Anonym 22. Dezember 2011 um 14:42  

Sehr geehrter Herr De Lapuente,
der folgende Link soll nur meine Klugscheißerei spiegeln und nicht im mindesten Kritik: http://www.korrekturen.de/beliebte_fehler/wohlgesonnen.shtml

Vielen Dank für die bereits erschienenen und noch kommenden Texte, die mich in aller Regelmäßigkeit zum Denken zwingen, auch wenns mitunter schwerfällt.
Bitte nicht unterkriegen lassen.

Christian A.

ad sinistram 22. Dezember 2011 um 14:56  

Lieber Christian,

danke für den Hinweis. Ändern werde ich es dennoch nicht, denn...
... a) wäre es jetzt peinlich für mich.
... b) scheint es ein beliebter Fehler zu sein. Und da Sprache nicht statisch ist, sondern von den Sprechenden geprägt wird, hat das, was als Fehler deklariert wird, morgen schon kein Fehler mehr sein. ;)

Anonym 22. Dezember 2011 um 15:10  

Hallo Roberto,
mir wäre es lieber, Sprache würde von Denkenden geprägt, sprechen können einfach zu viele. (oder tun es zumindest)

Christian A.

ad sinistram 22. Dezember 2011 um 15:34  

Tja, was uns nicht allen lieber wäre ;)

Stephan 22. Dezember 2011 um 15:52  

auch den Ärschen, wie meinst du das?
den Ärschen, die denselben im Kopf mit sich rumtragen oden den Ärschen, die den ihren im Namen Gottes hinhalten dürfen?

Brutal real!

Anonym 22. Dezember 2011 um 16:16  

Soviel zu den Arschlöchern, die einfach dazugehören müssen. To spice up our lives.

Auf ein Neues.

http://cageybee-fluh.buzznet.com/user/photos/jerks-gary-larson/?id=1275076

Grüße
Heiko

klaus baum 22. Dezember 2011 um 20:51  

I wish yo a mwerry christmas and a happy new year!

wenn man es zynisch meint, kann man es noch sagen.

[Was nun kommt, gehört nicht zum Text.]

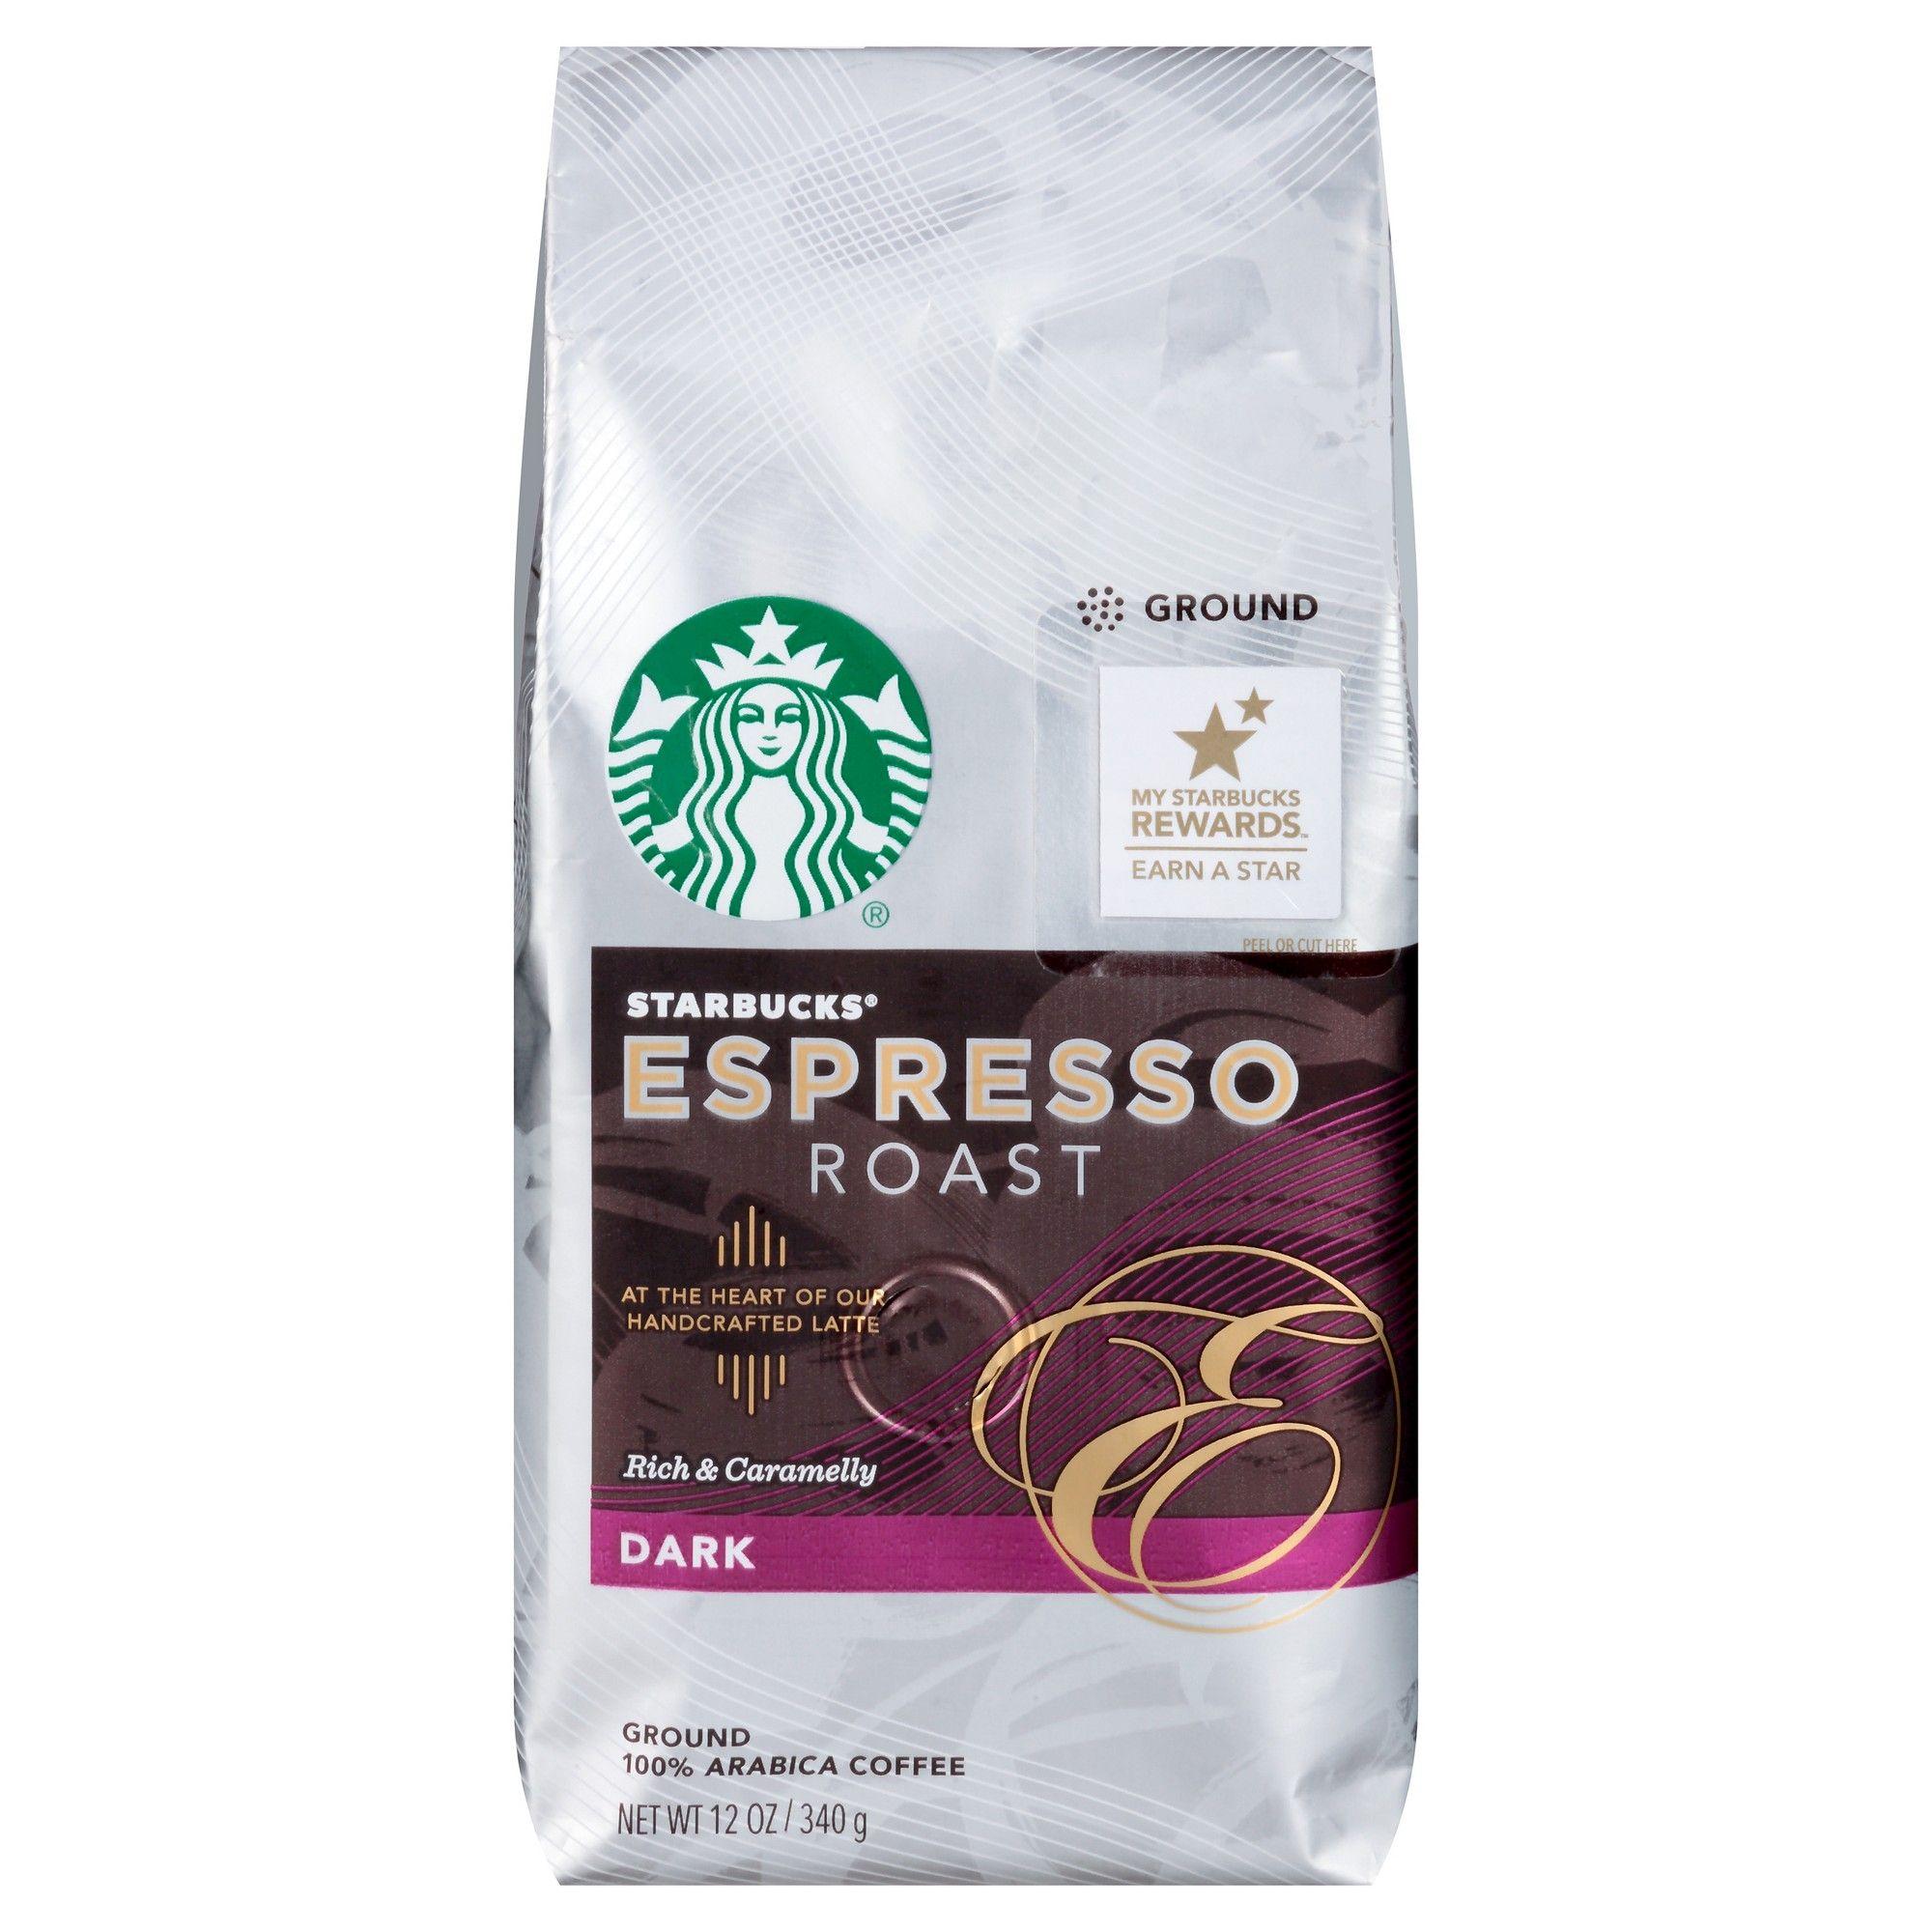 Starbucks Espresso Roast Dark Roast Ground Coffee 12oz
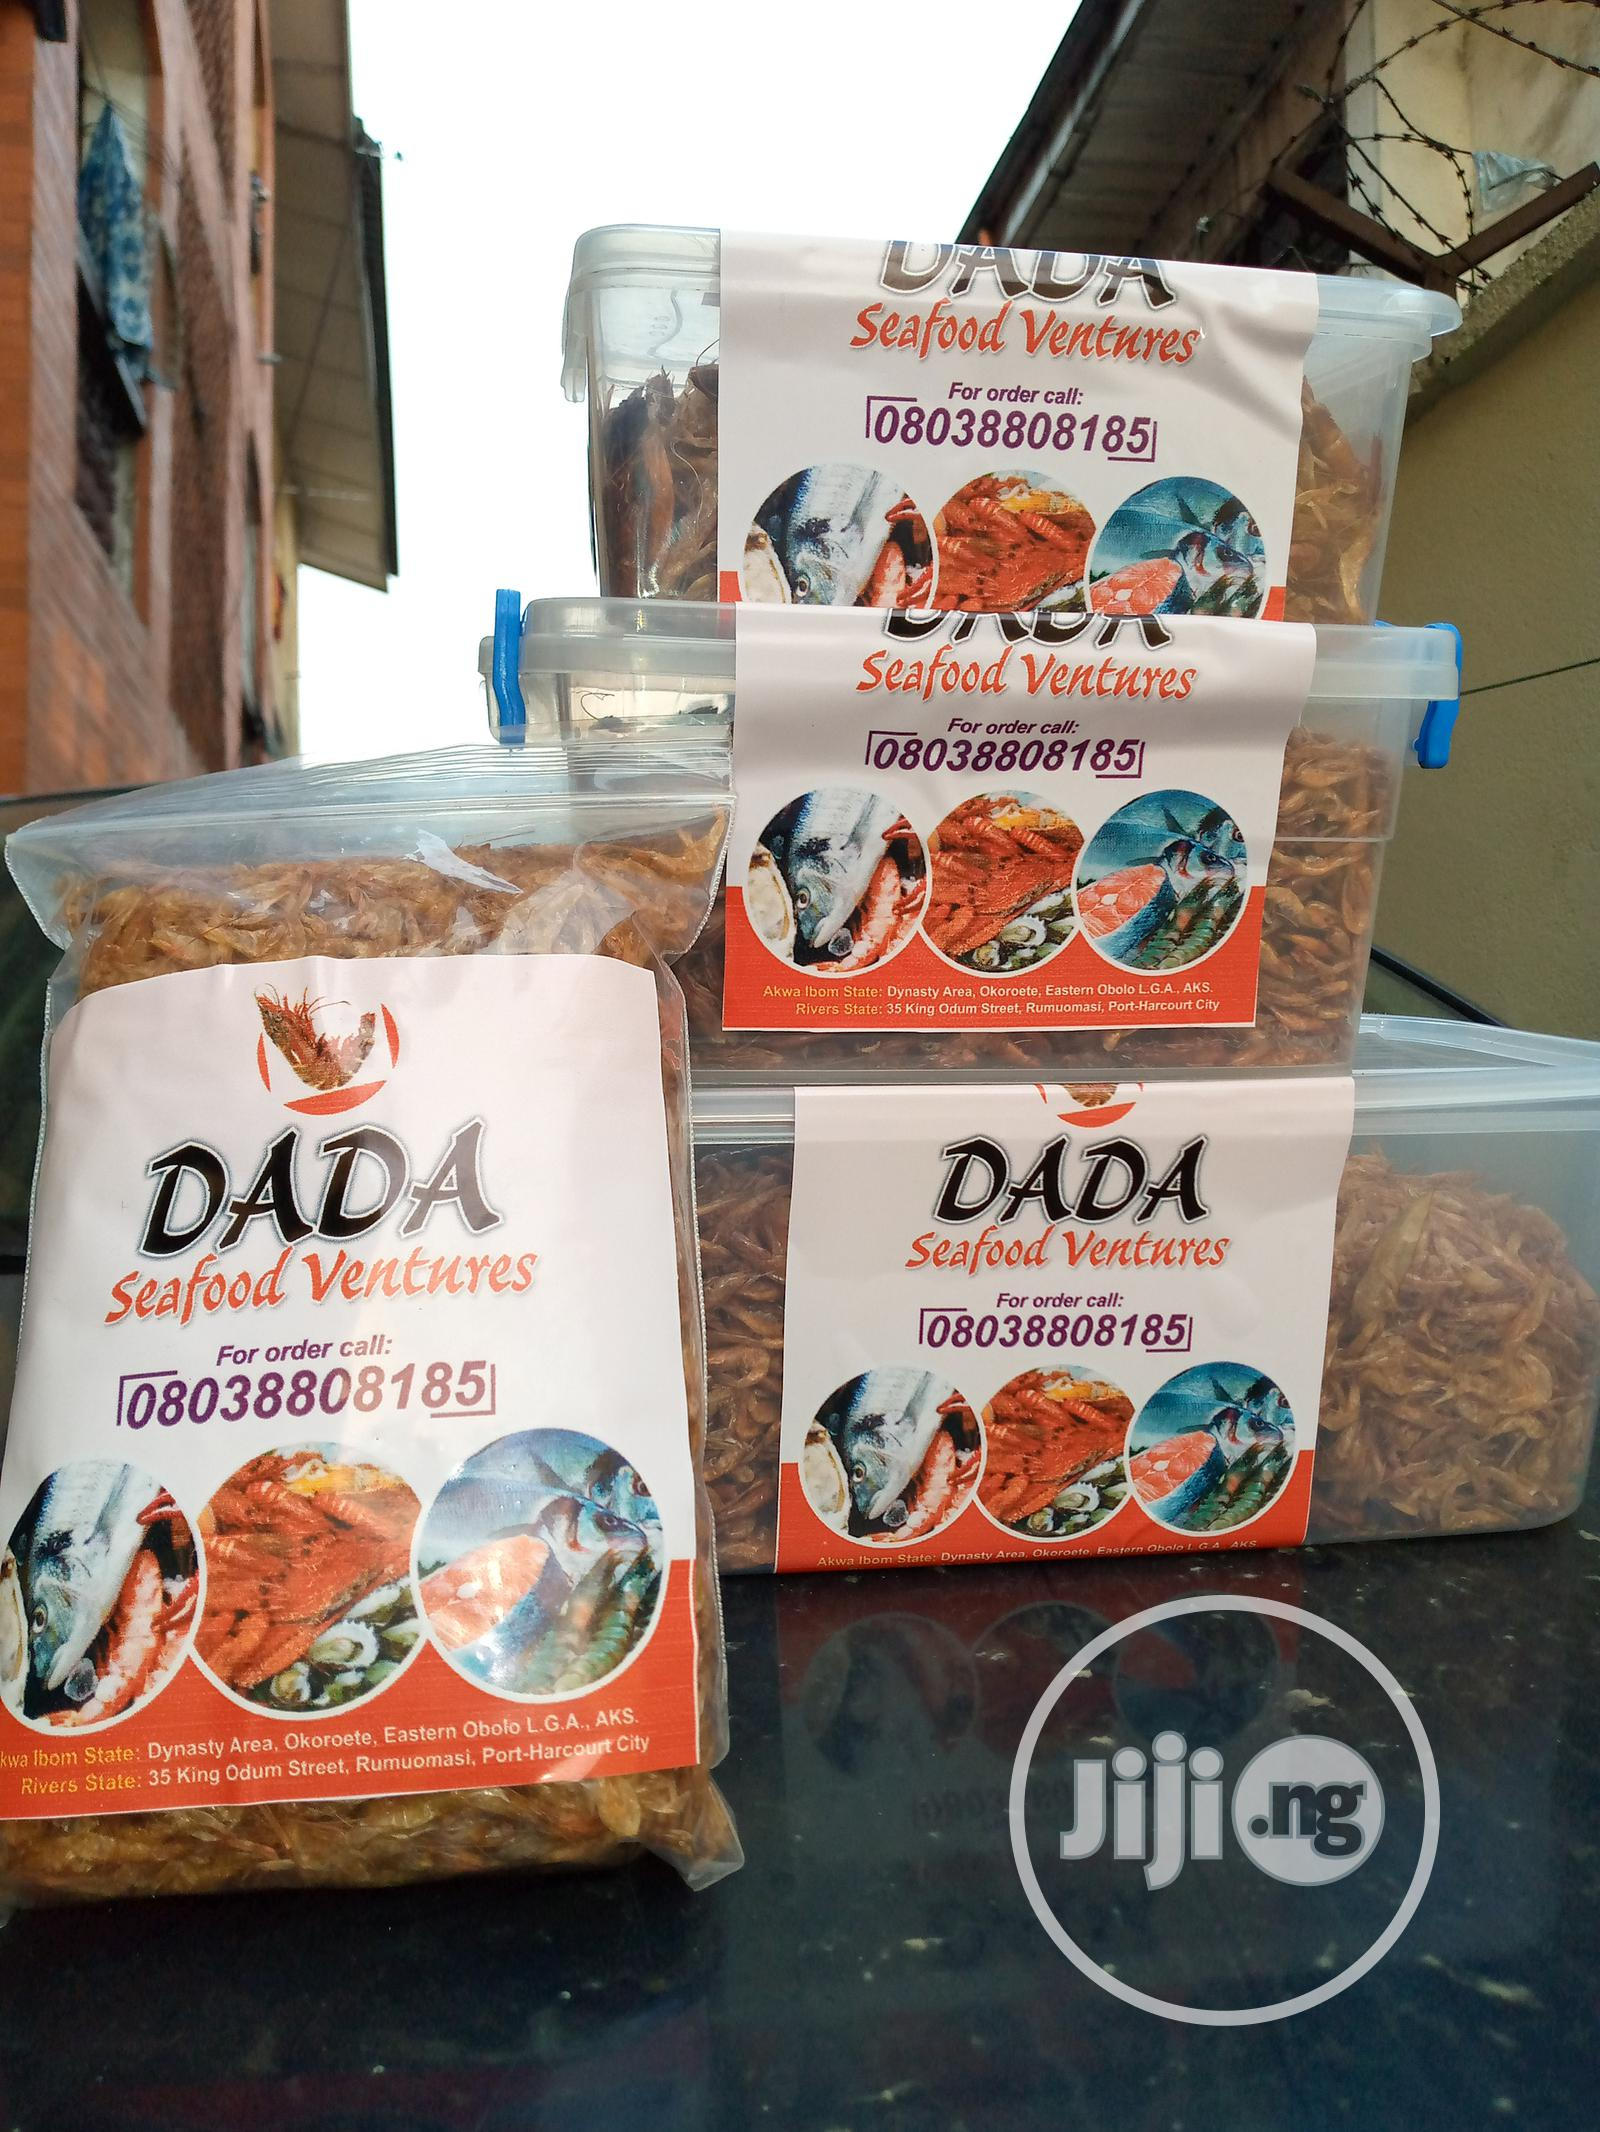 Archive: Dada Seafoods Venture

harzpeter 23. Dezember 2011 um 05:24  

Danke für 4 Jahre voller Texte, die zum nach-, mit- und umdenken anregen! Auch ich war früher mal ein "Arsch" und bin heute in der Wahrnehmung anderer Menschen vielleicht manchmal auch noch einer. Doch nicht zuletzt durch Blogs wie z.B. ad-sinistram wurde ich über die Jahre hinweg immer ein Stückchen weiter "entarscht".

Möge der Blogger Roberto J. De Lapuente noch viele Jahre ein Stachel im Arsch der "Ärsche" bleiben! Andererseits - es wäre natürlich besser, wenn es mangels Ärschen gar keine Stachel mehr bräuchte...

André 23. Dezember 2011 um 14:34  

Ärsche wird es immer geben. Und auch solche, die sich nicht dafür halten.